[ExI] EP and Peak oil.

Keith Henson hkeithhenson at gmail.com
Thu Apr 3 18:01:43 UTC 2008


On Thu, Apr 3, 2008 at 8:32 AM, John K Clark <jonkc at att.net> wrote:
> "Keith Henson" <hkeithhenson at gmail.com> Wrote:
>
>  > According to New Scientist, 25 years till peak coal.
>
>  Maybe, maybe not; although I admit New Scientist is not the only one
>  to make this claim. Similar arguments are made in the book "The Coal
>  Question: An Inquiry Concerning the Progress of the Nation, and the
>  Probable Exhaustion of our Coal-mines" written by the English economist
>  and logician William Stanley Jevons. The interesting thing is that this
>  book was written in 1865.

Well, there is no question they are exhausted now.

>  Me:
>  >> 2) Tar Sands
>
>  You:
>
> >Being exploited now.  They would benefit hugely from power sats
>  > to supply upgrade hydrogen.
>
>  I don't know what that means,

That stuff is too thick to pump because the high hydrogen hydrocarbons
are gone.  If you are going to use it as liquid fuels, you have to add
hydrogen, much as is done converting coal to liquid fuels.  The
problem is making the hydrogen, it uses up a substantial fraction of
the energy in the input material to make it and about doubles the CO2
released for a given amount of transport.
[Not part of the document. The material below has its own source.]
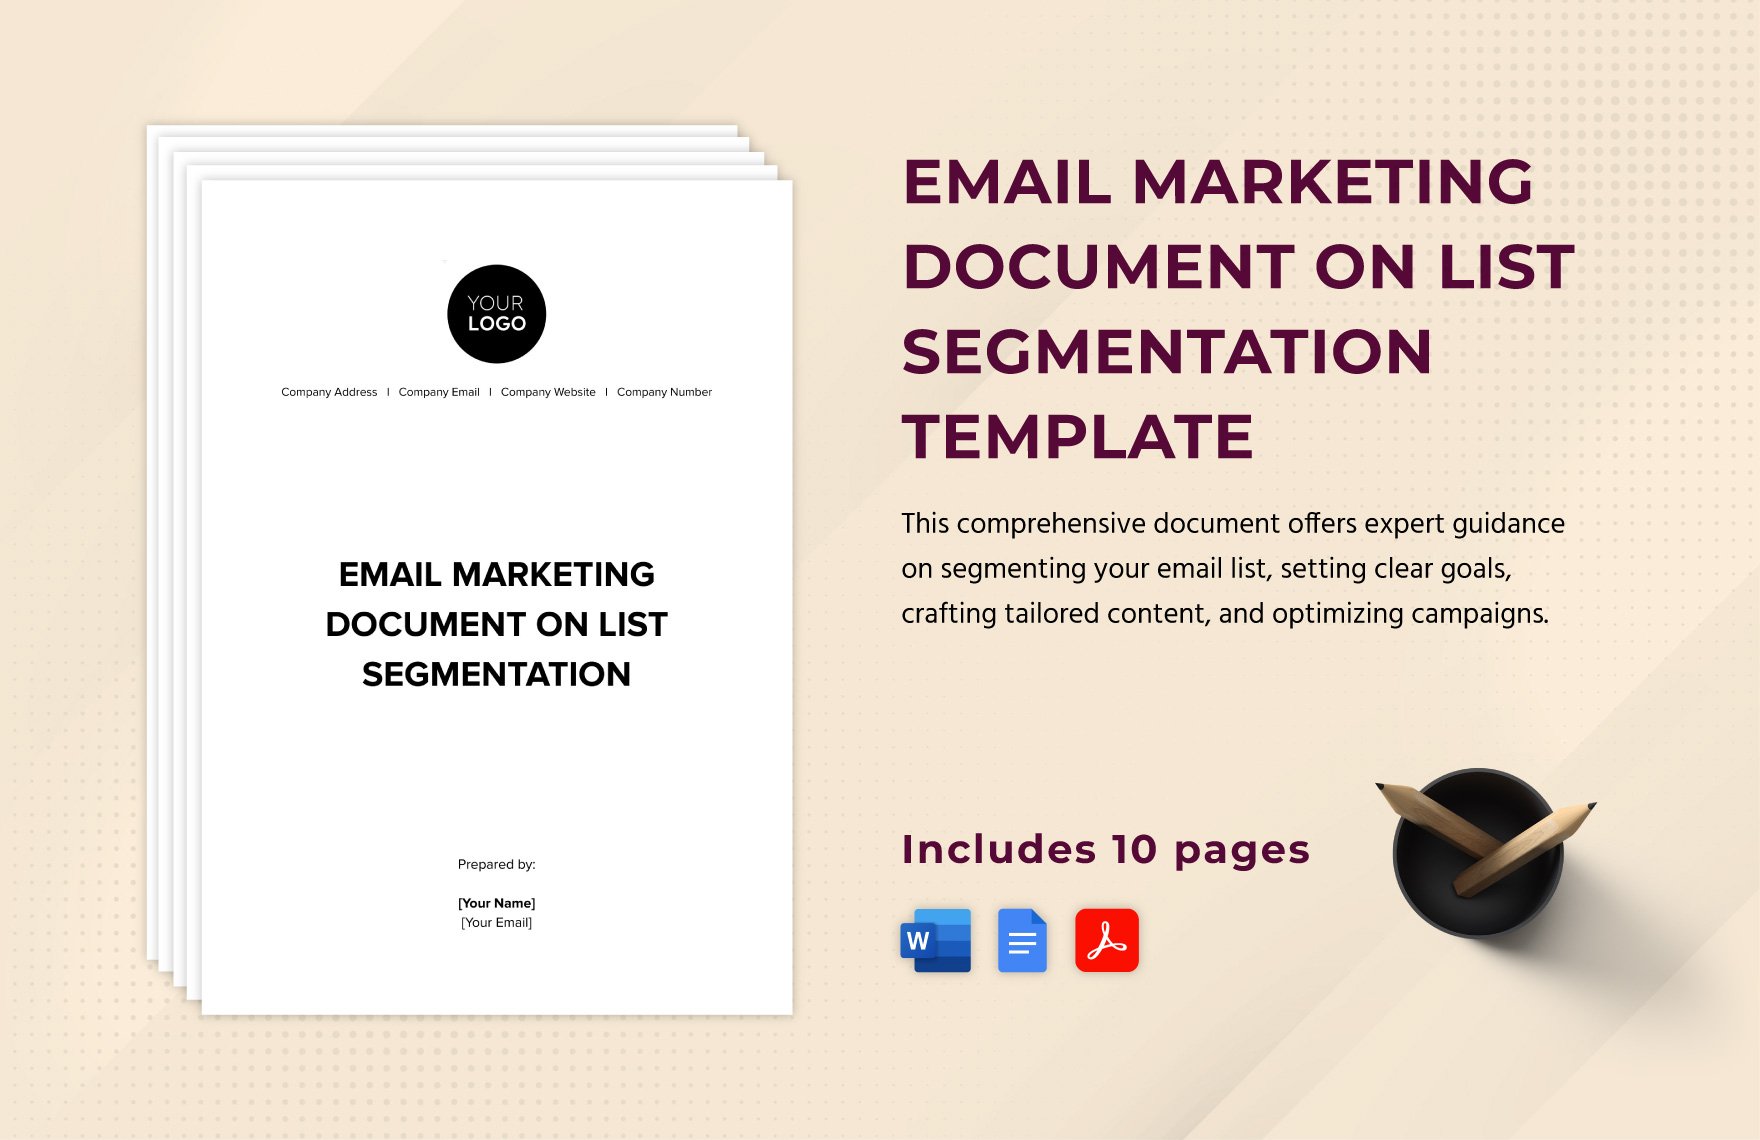 Email Marketing Document on List Segmentation Template

I really wish that knowledge of basic chemistry and industrial
processes was more common on this list.  It freely available.
http://en.wikipedia.org/wiki/Tar_sands

>  but I do know that Canada's reserves
>  of Tar Sands approximately equal to the world's total reserves of
>  conventional crude oil, and Venezuela may have more reserves than
>  Canada.

You have to deflated these sources by half because it takes a lot of
the energy in the deposits to get them out.  There are good reasons
they have not been exploited before. Open the article above and go
down to:

Global direct effects

Input energy

Producing synthetic crude takes so much energy that they are about to
put in a 2.2 GW nuclear plant to supply some of it.

>  Me:
>   >>Oil Shale
>
>  You:
>
> > Environmental problems you would not believe.
>
>  Bigger environmental problems than Power Satellites?

Yes.

>  I'll tell you
>  one thing, even if they turns out to be totally benign environmentalists
>  will fight you every inch of the way.

You expect that.  It's less expected to find opposition here.

snip
>
>  Me:
>  >>  5) Nuclear Fission
>
>  You:
>
> > Every version I know about can be tapped for neutrons.
>
>  Yes, that is indeed a serious problem, possibly a lethal problem. If
>  environmentalists don't get out of the way on what to do with this stuff
>  they could kill us all.

I don't think you understand the problem.  Neutrons plus depleted
uranium equals weapons grade plutonium better than any made in the
cold war.  And there is at least one way to make it into weapons
that's so easy a well funded street gang could do it.  You don't need
complicated electronics, you can fire one with a fuse.  We may have to
build reactors in every country of the world.  There may be some
really drastic side effects.

>  >  There is no reason to think it won't work, the physics is more than
>  > 200  years old.
>
>  Well 103 years old, you need the Photoelectric effect; but nobody is
>  saying power satellites are physically imposable, the question is
>  are they economically rational? I have my doubts.

That's a number question.  I have put some numbers on it.  If you can
build a moving cable mechanical elevator then a power sat that masses
less than 3 kg/kW repays the lift energy to GEO in a single day of
operation.  If it can be built at all, the elevator lifts it own mass
every 50-100 days.

These numbers by themselves don't make the project economically
rational, but they indicate more analysis is worth doing.

On the other hand, "economically rational" is context dependent.  If
we knew a K/T class asteroid was going to hit in a few years . . . .
The energy problem is in the same gigadeath class.

>  Ok maybe 200 after all, I wonder if it would be better to use a
>  parabolic reflector and a heat engine?

It might be, it's not obvious.  If you have access to moon rock or
asteroid material for heat sink fluid it would help.